In real science

Nick Albertini

Recently in the news, an experiment from 2008 has scientists scratching their heads. Sometimes it takes a while for a good experiment to be recognized as important. In this case, a paper titled “Chaos, entanglement and decoherence in the quantum kicked top,” published by physicists Ghose, Stock, Jessen, Lal, and Silberfarb in the journal Physical Review A, is raising fundamental questions about the nature of the universe at the macroscopic level.
The experimenters created what is called a quantum top. This is a system of atoms in which the overall spin of the system can be influenced from the outside by magnetic fields in such a way that the quantum spins of the component atoms can change direction and become entangled with one another. In general, the system acts like a spinning top that can be made to wobble about its spin axis. An actual macroscopic top, when bumped, wobbles chaotically.
However, in a quantum system, there are different rules. There are certain stable states, which are generally preferred so long as the system can find them. Outside of these stable states, there are other states, which are less stable. The question that the experimenters were looking at involved the nature of those unstable states – whether or not they are chaotic in nature. The experimenters discovered that they the unstable states are, in fact, chaotic.

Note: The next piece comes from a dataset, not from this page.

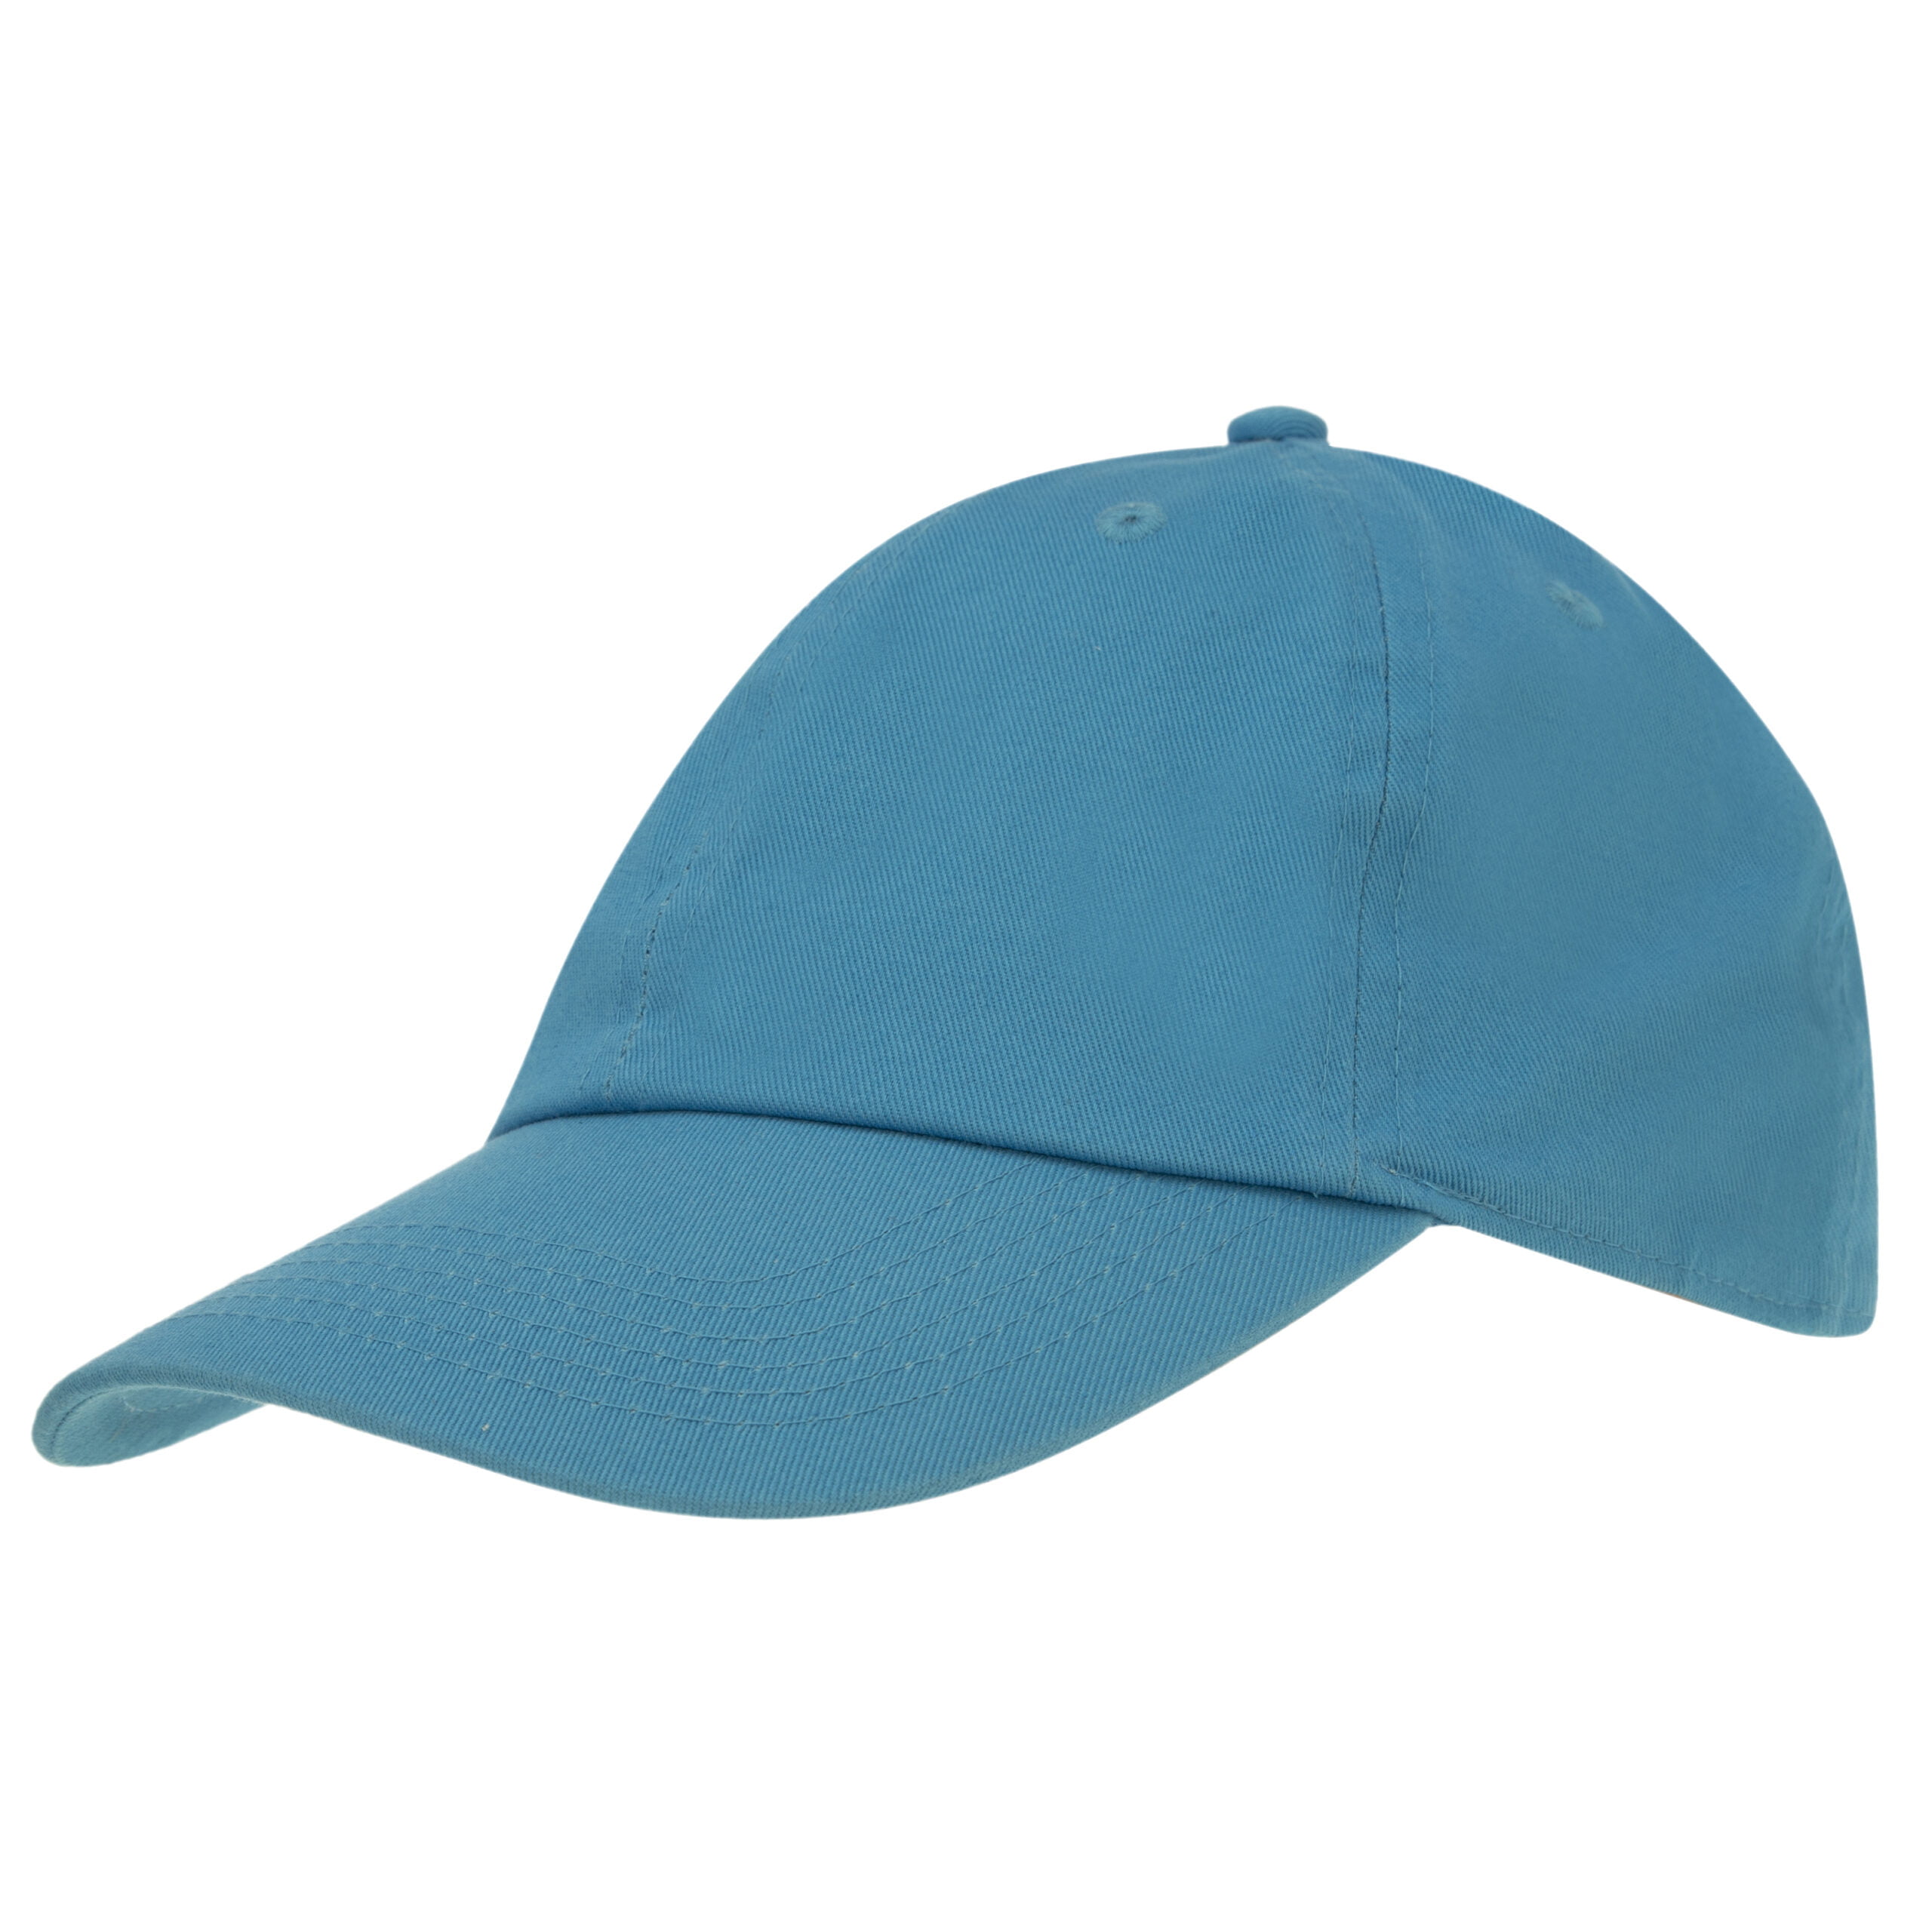 12pcs Turquoise Plain Baseball Hats Low Profile - Unconstructed - Adjustable Clasp - 100% Cotton - Stone Washed - Bulk by the Dozen - Wholesale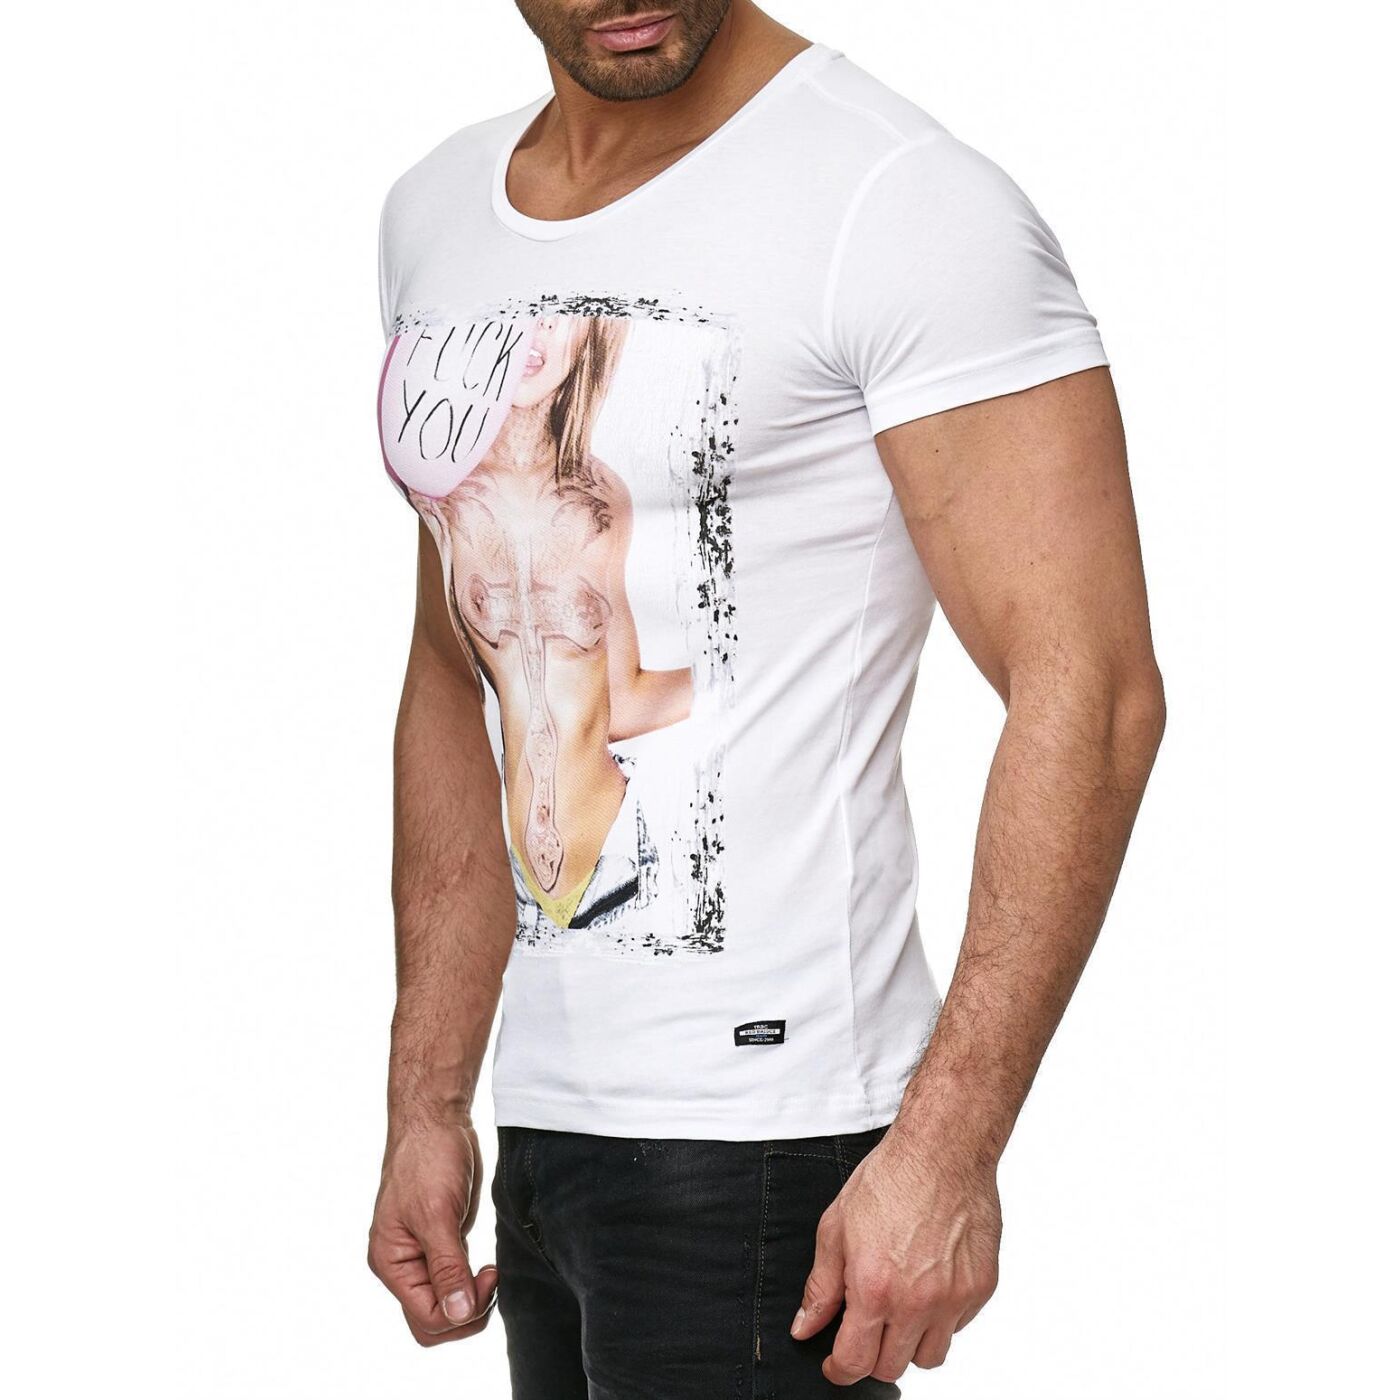 Xiloccer Fashion Men Casual T-Shirt 3D Print Tee Short Sleeve O-Neck Tops Blouse

When the system begins in a stable spin state, the regime of change, when “kicked” by the external magnetic field, keeps the system in that set of stable states. If the beginning state was not one of these stable ones, the experimenters found that the changes became chaotic. Not only did the spin states of the system become chaotic, but also the entanglements between the system components did as well.
The experiment gives the impression that entangled quantum systems tend to behave like a strange attractor unless they find a set of stable states. In the real world, the effect of so much bumping from other particles would tend to limit the amount of time that any quantum system could remain in such a stable state. So, in general, quantum systems should behave chaotically.
Many physicists and other scientists and philosophers have pointed to quantum mechanics and entanglement in particular as the potential source of the chaos seen in so many macroscopic classical systems. So far, this has just been speculation, a way of trying to explain where all this chaos comes from in such highly deterministic systems. That idea has really been based on the elimination of, or just a plain lack of, other ideas. After all, what else could it be? Of course, that is not any proof that the quantum world is actually the source of chaos.
This experiment seems to be the clincher that indicates that quantum mechanics is indeed the source of chaos in the universe. It gives a basis to the concept that chaos is fundamentally built into the mechanics of the universe itself.